After the case was continued, the magistrate entered an order establishing the defendant's financial inability to retain counsel and that the defendant had not waived the appointment of counsel.

Counsel was appointed and she filed a motion to dismiss the case on double jeopardy grounds. The magistrate denied the motion. Duran then filed an interlocutory appeal to the district court pursuant to Rule 7A of the Rules of Procedure for the Trial of Misdemeanors before United States Magistrates [Magistrate Rules]. The district court affirmed the magistrate's order finding that the magistrate's action was a continuance not a mistrial or in the alternative was justified by "manifest necessity." This appeal followed.

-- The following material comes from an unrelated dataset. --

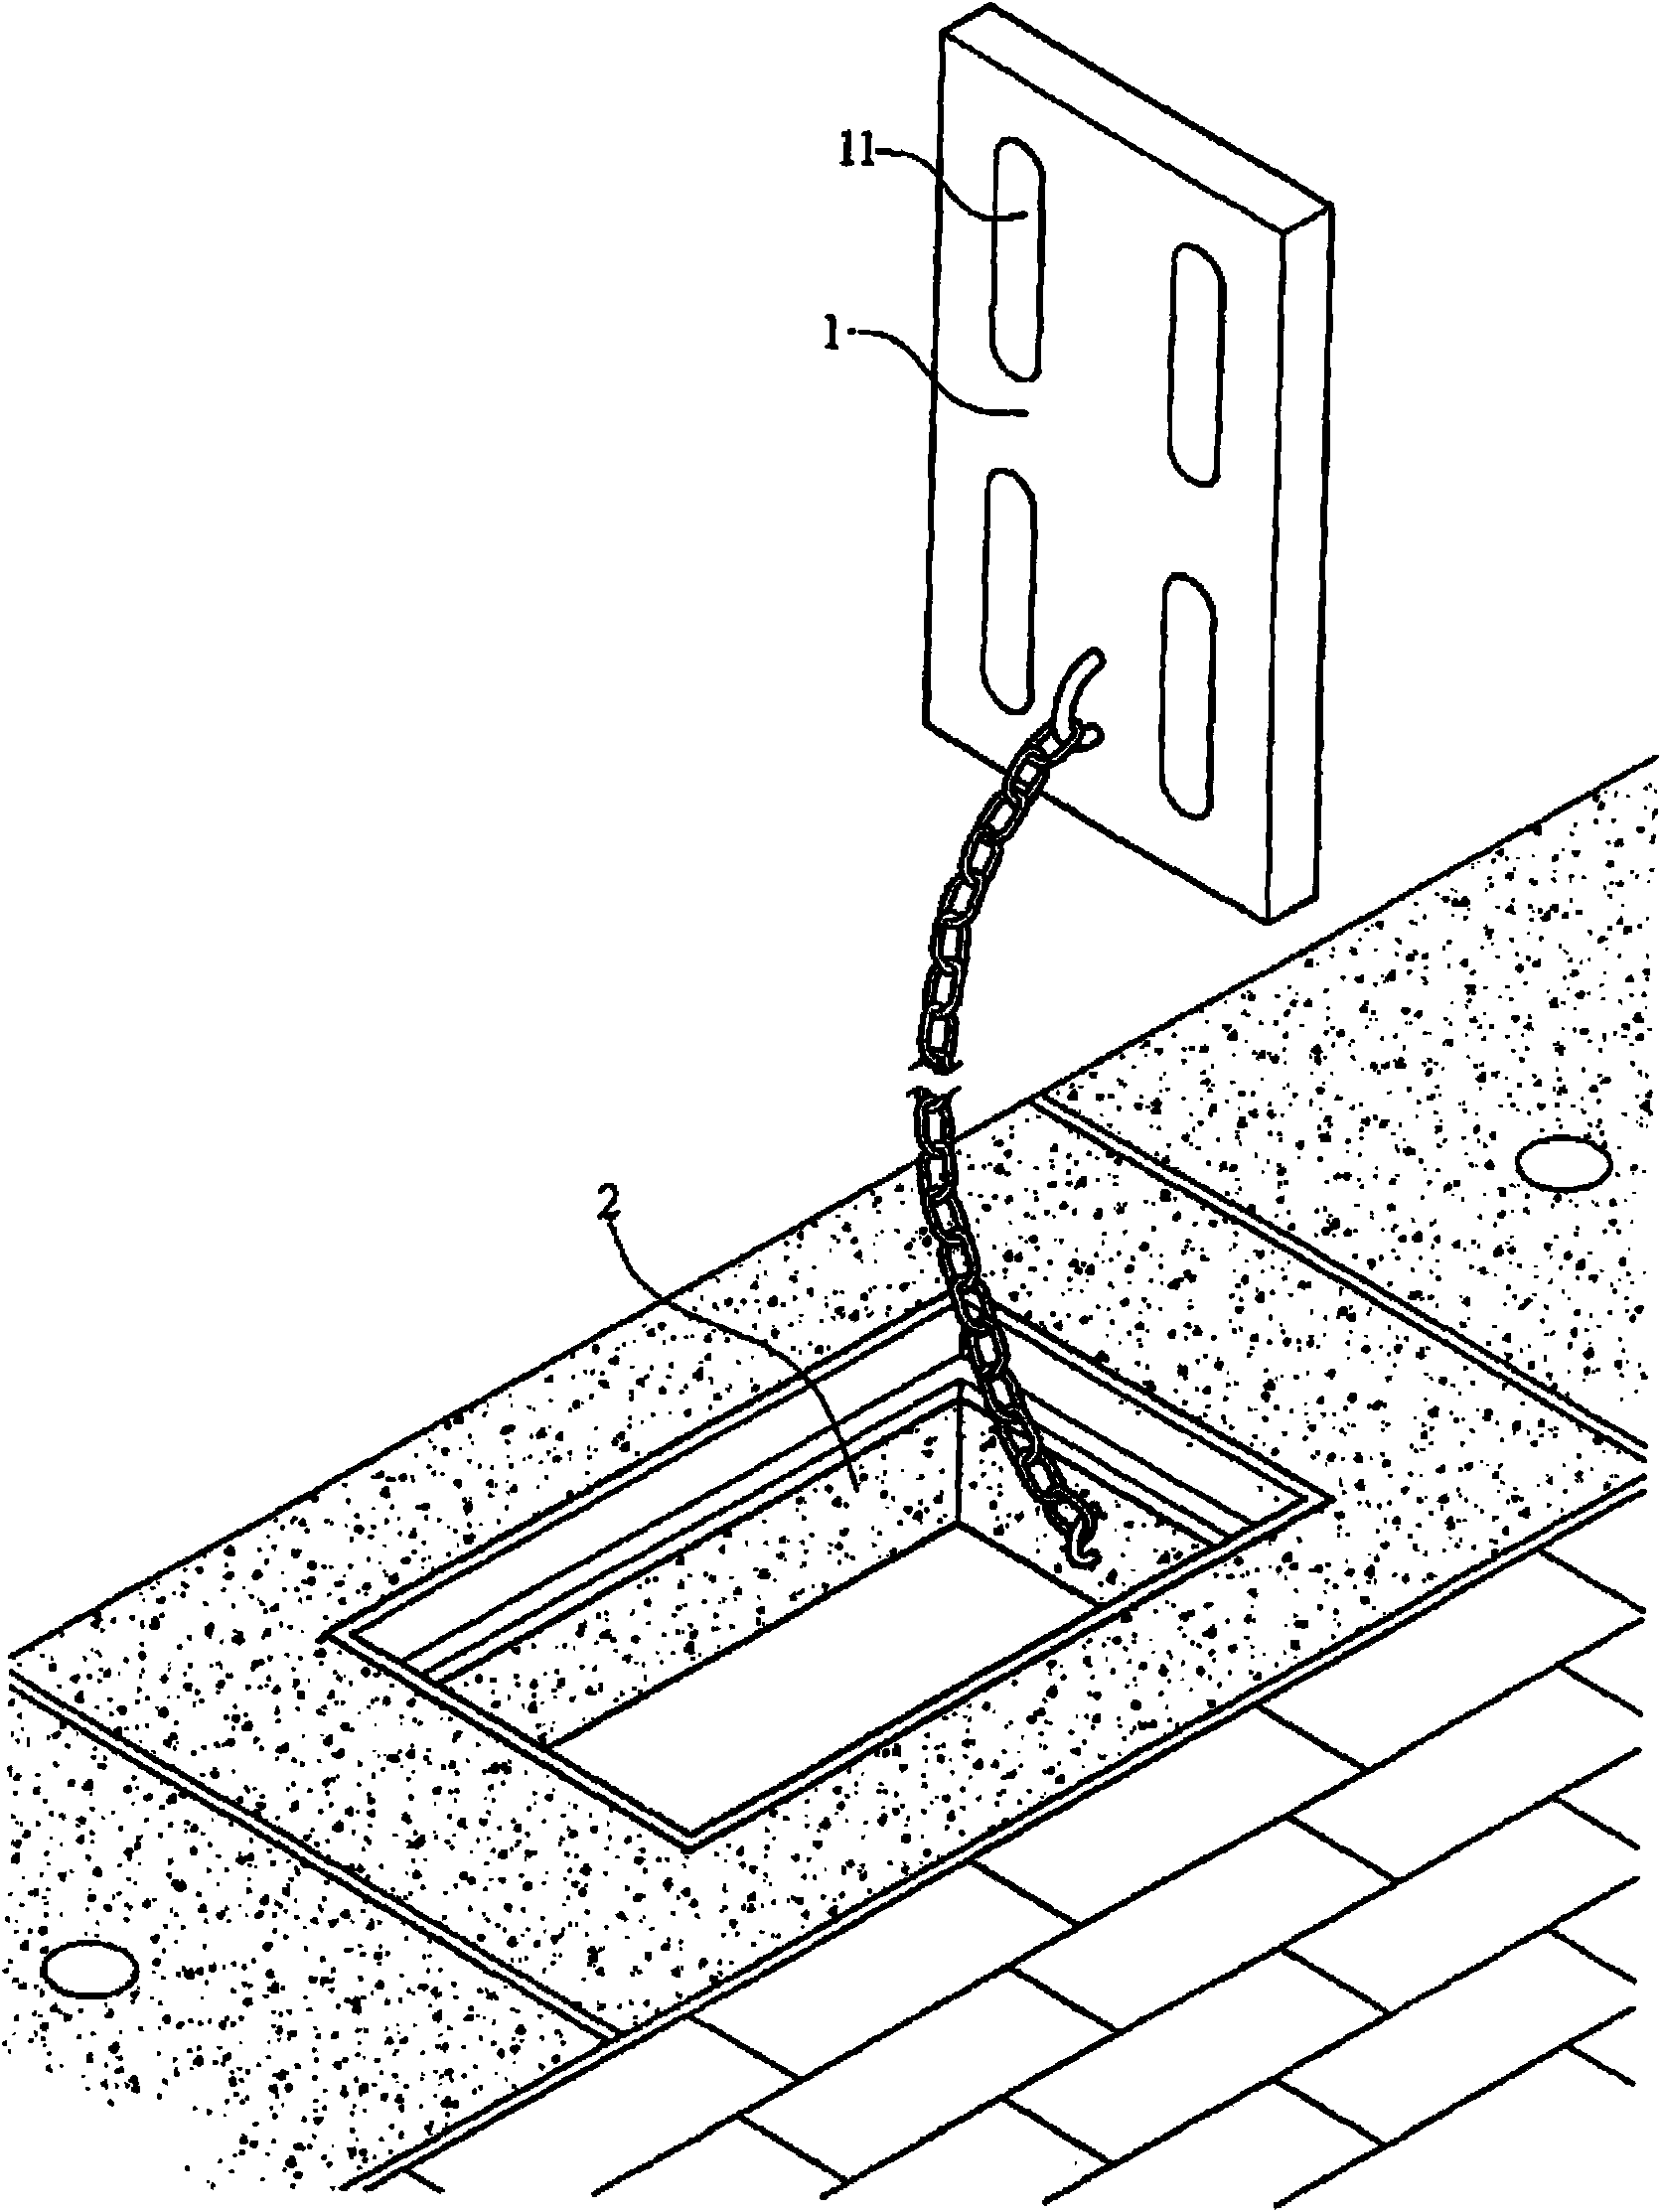 Drainage ditch cover and gas blocking disk thereof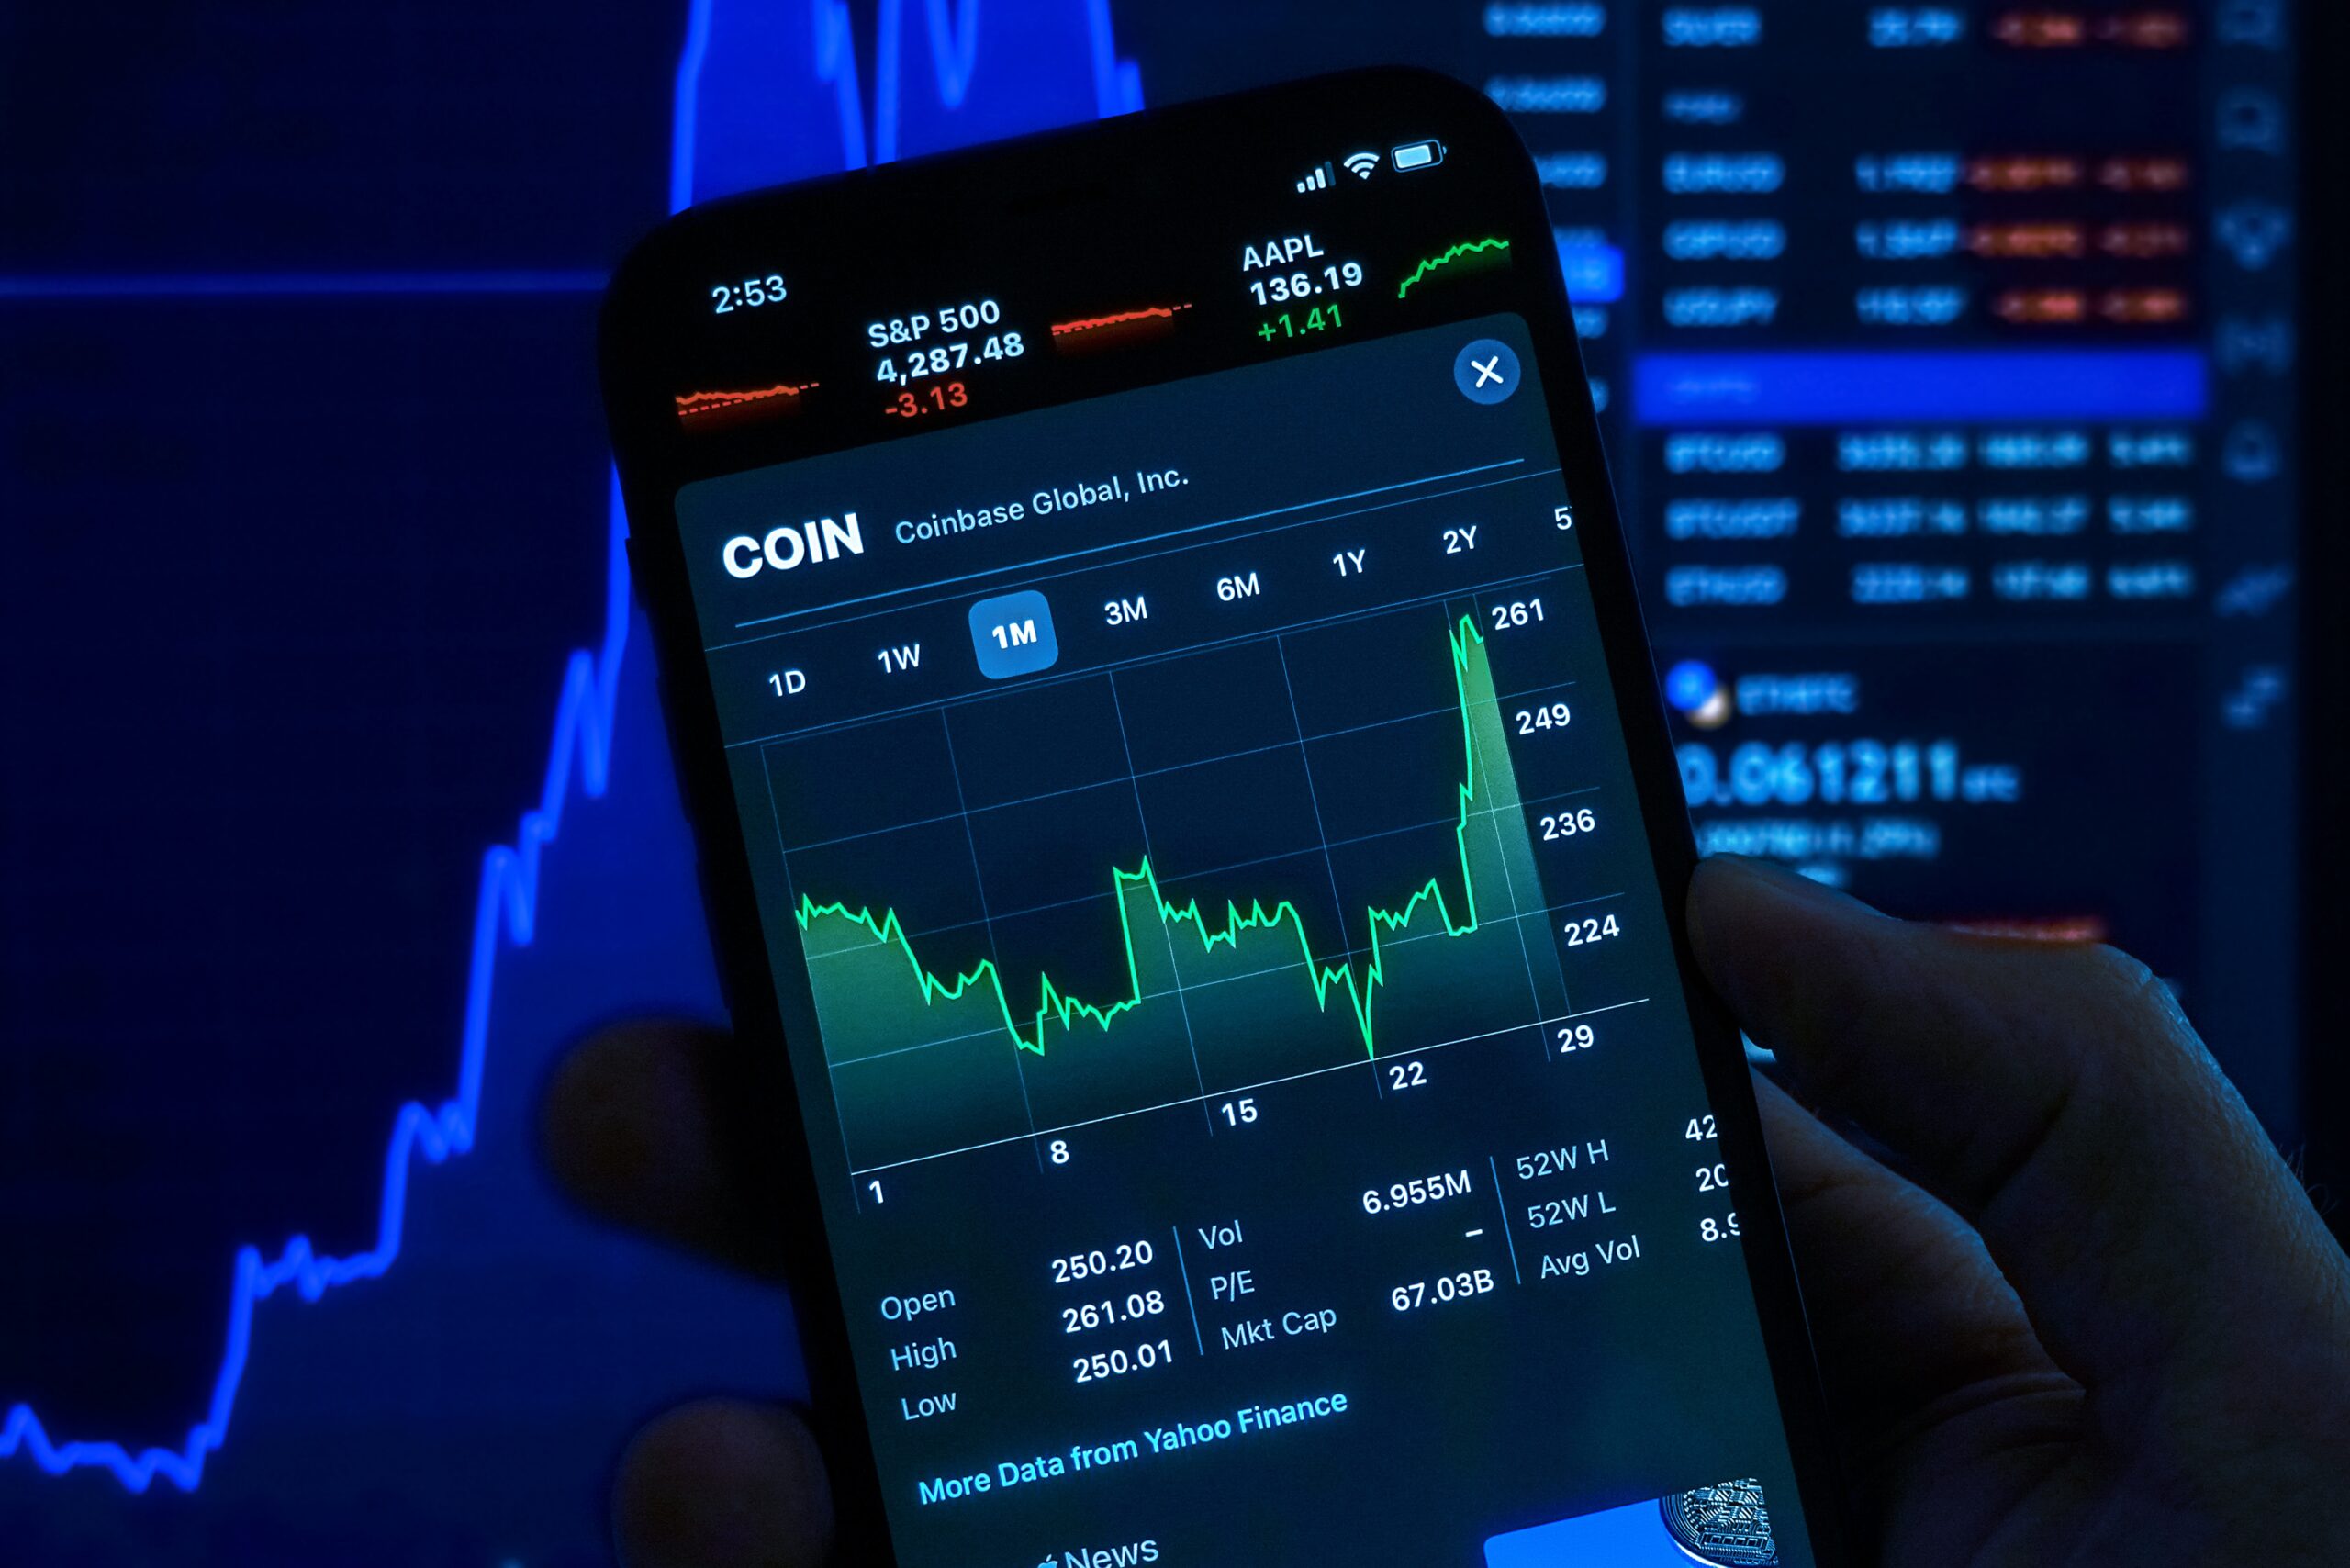 A stock market chart is being shown on a mobile screen representing that investing in stock market may lead to financial independence

Because the denial of a motion to dismiss based on a claim of double jeopardy is a final order, Abney v. United States, 431 U.S. 651, we have jurisdiction to review Duran's appeal under 28 U.S.C. § 1291. Our review begins with the Magistrate Rules. Tracking the Supreme Court's holdings in Argersinger v. Hamlin, 407 U.S. 25, and Scott v. Illinois, 440 U.S. 367, Rule 1(b) states that "the Federal Rules of Criminal Procedure govern all proceedings except those concerning petty offenses for which no sentence of imprisonment will be imposed." When imprisonment is a possibility " [e]very defendant who is unable to obtain counsel shall be entitled to have counsel assigned to represent that defendant at every stage of the proceedings ...." Fed. R. Crim. P. 44 (emphasis added). Absent a knowing and intelligent waiver, this right to counsel applies to crimes "whether classified as petty, misdemeanor, or felony." Argersinger, 407 U.S. at 37.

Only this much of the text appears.